The Indian Anaesthetists' Forum (Jan 2025)

A randomized controlled trial to compare the percentage of glottic opening score of McGrath MAC® video laryngoscope and C-MAC® video laryngoscope in children

  • Ranju Singh,
  • K Manikandan,
  • Pooja Singh

DOI
https://doi.org/10.4103/TheIAForum.TheIAForum_116_24
Journal volume & issue
Vol. 26, no. 1
pp. 69 – 74

Abstract

Read online

Background and Aims: Video laryngoscopes (VL) have now an established role in the management of difficult airway. The design of VL blade may affect the tracheal intubation outcomes. This study compares the percentage of glottic opening (POGO) score of McGrath MAC® VL with C-MAC® VL in children. Materials and Methods: Ninety-four children, between 1 and 10 years, belonging to ASA-I and II were randomized into two groups. After induction, Group I was intubated with McGrath MAC® VL and Group II with C-MAC® VL. The POGO score, application of external laryngeal manoeuver, POGO score after the application of optimal external laryngeal manoeuver (OELM), number of attempts at laryngoscopy, time for best glottic view, time taken for intubation, number of attempts at intubation, ease of intubation, hemodynamic changes, and complications were recorded. Results: The number of patients with POGO score ≥5 was more in the Group II (100% vs. 93.6%, P = 0.025) than Group I. The number of patients requiring application of OELM to achieve POGO score ≥5 were more in Group I than Group II (19.1% vs. 2.1%, P = 0.015).
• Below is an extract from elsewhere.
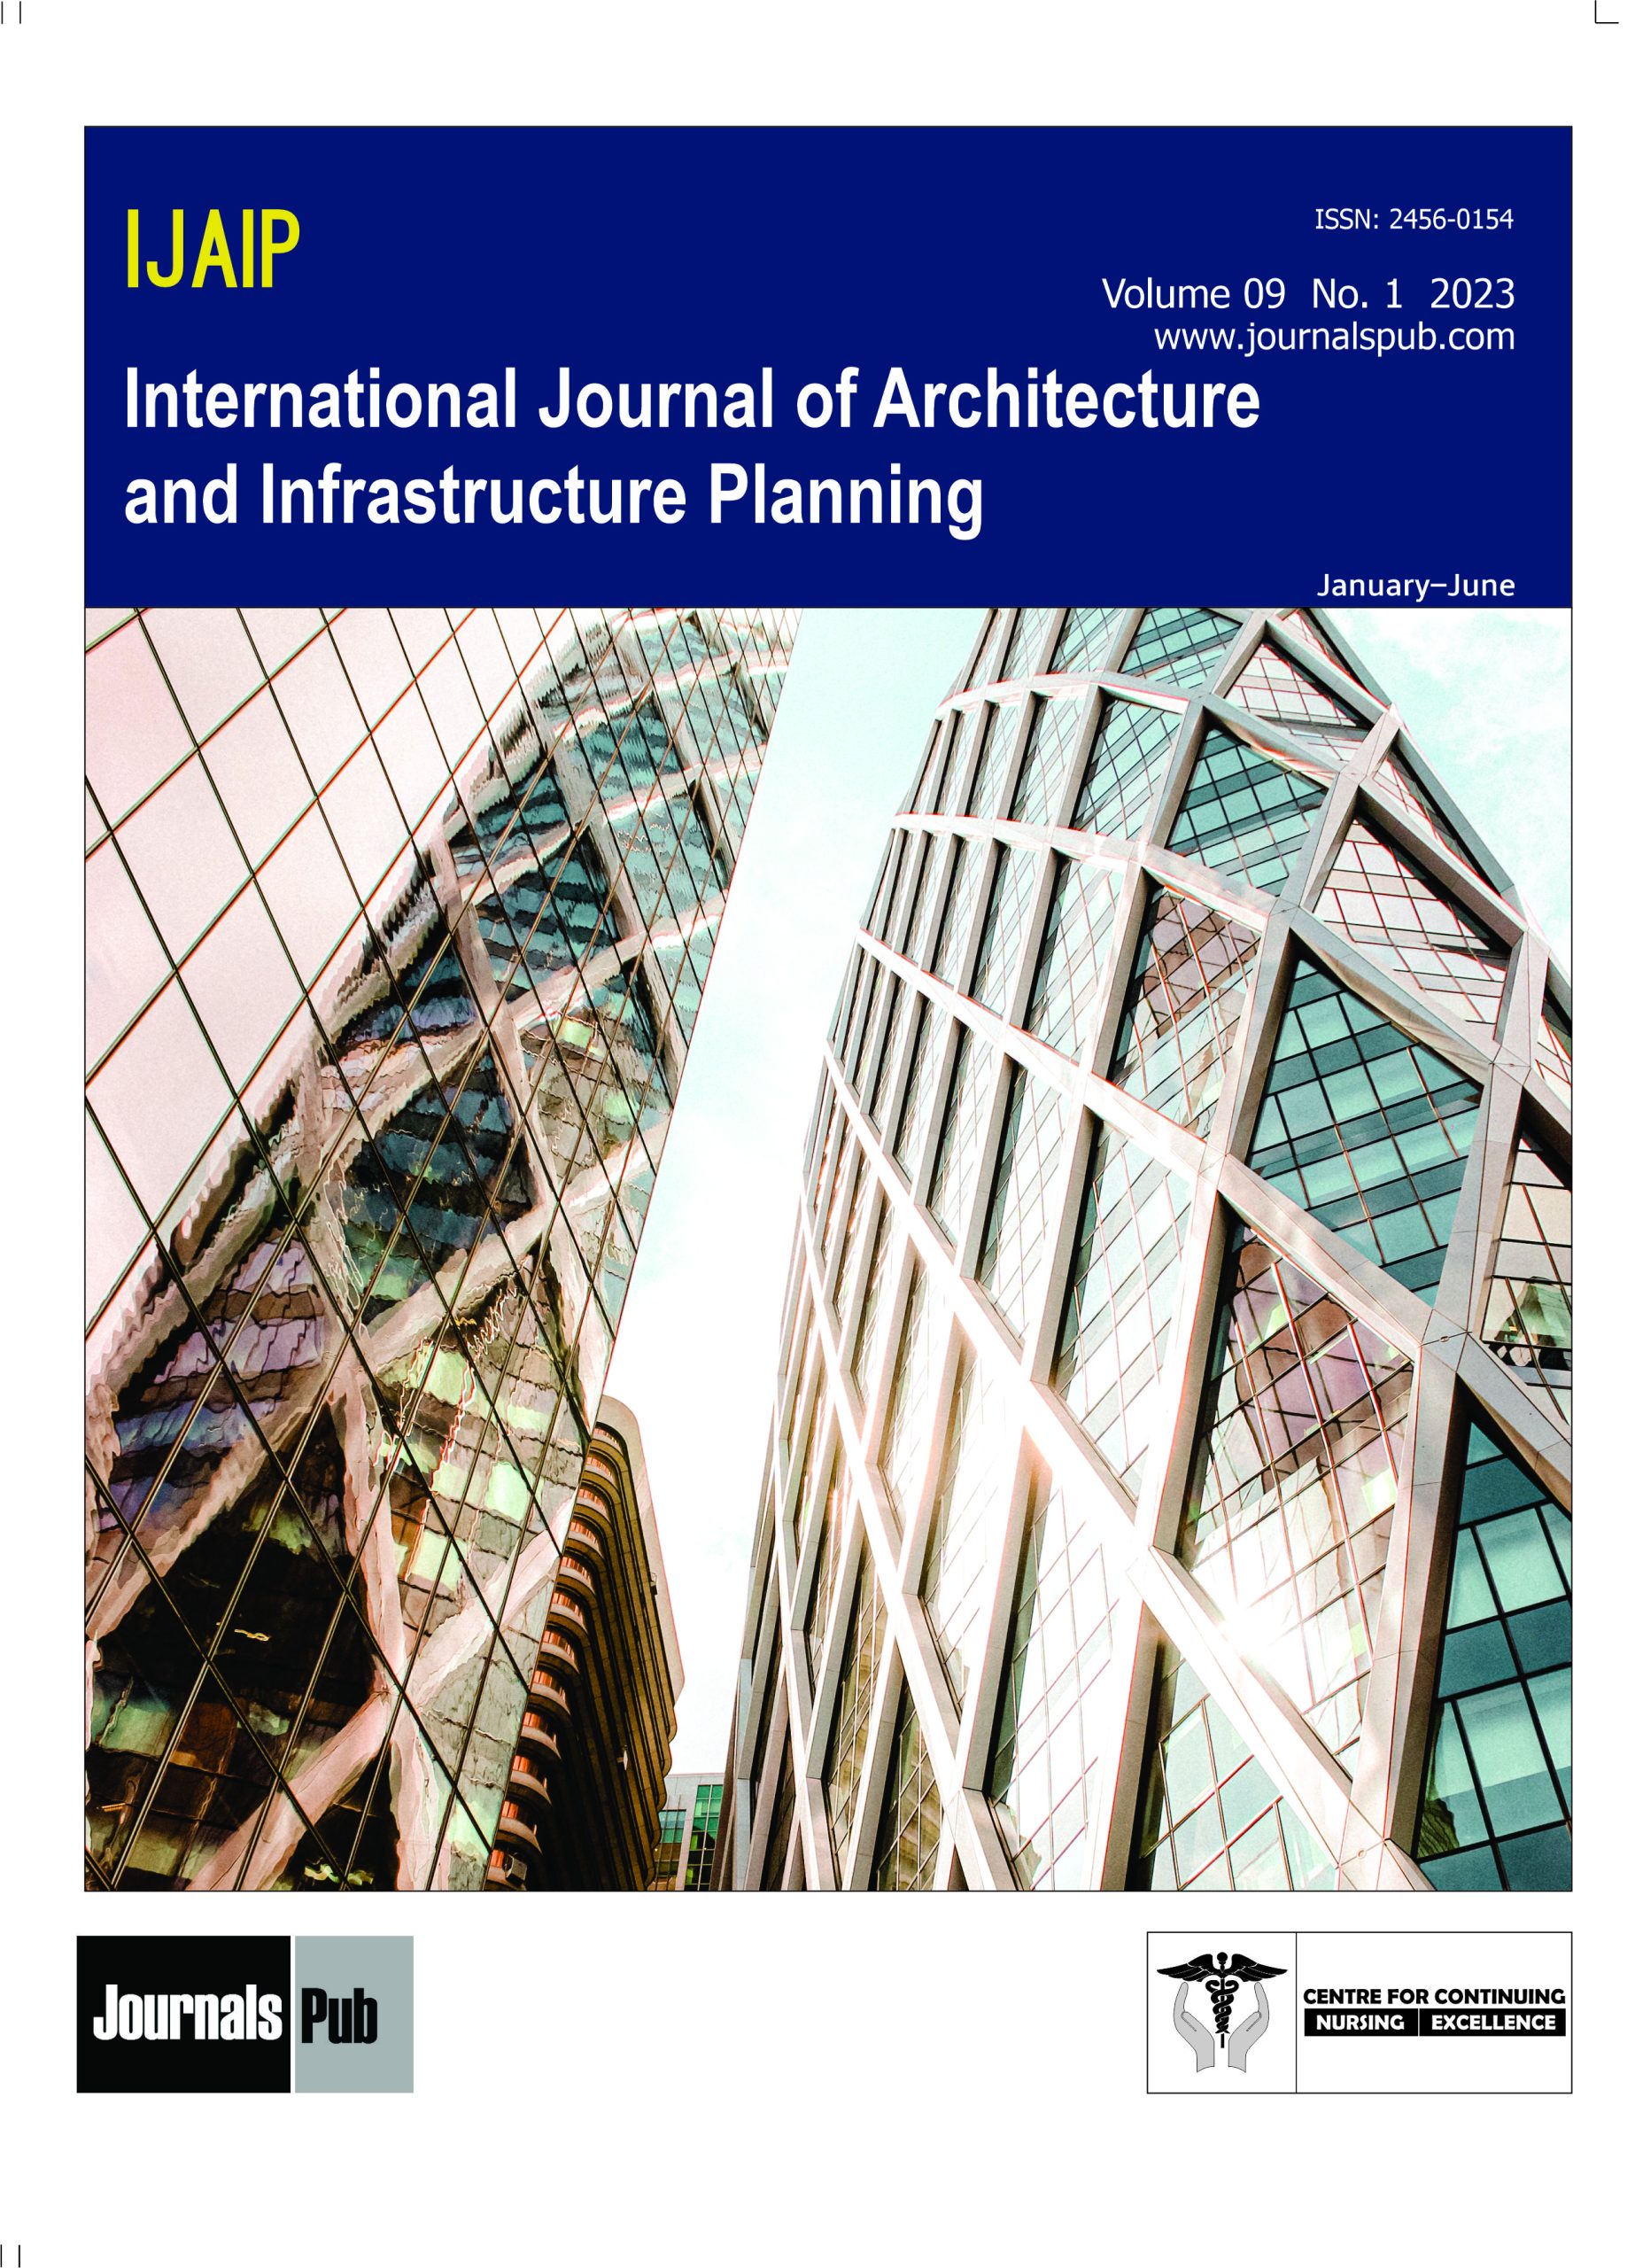 International Journal of Architecture and Infrastructure Planning Cover

With C-MAC® VL, less time was required to obtain the best glottic view and also for tracheal intubation and it resulted in less hemodynamic response as compared to McGrath MAC® VL. Attempts at laryngoscopy and intubation, ease of intubation, and complications were the same in both the groups. Conclusion: The C-MAC® VL may be preferred over McGrath MAC® VL for airway management in children between 1 and 10 years of age in view of lesser time to best glottic view and intubation.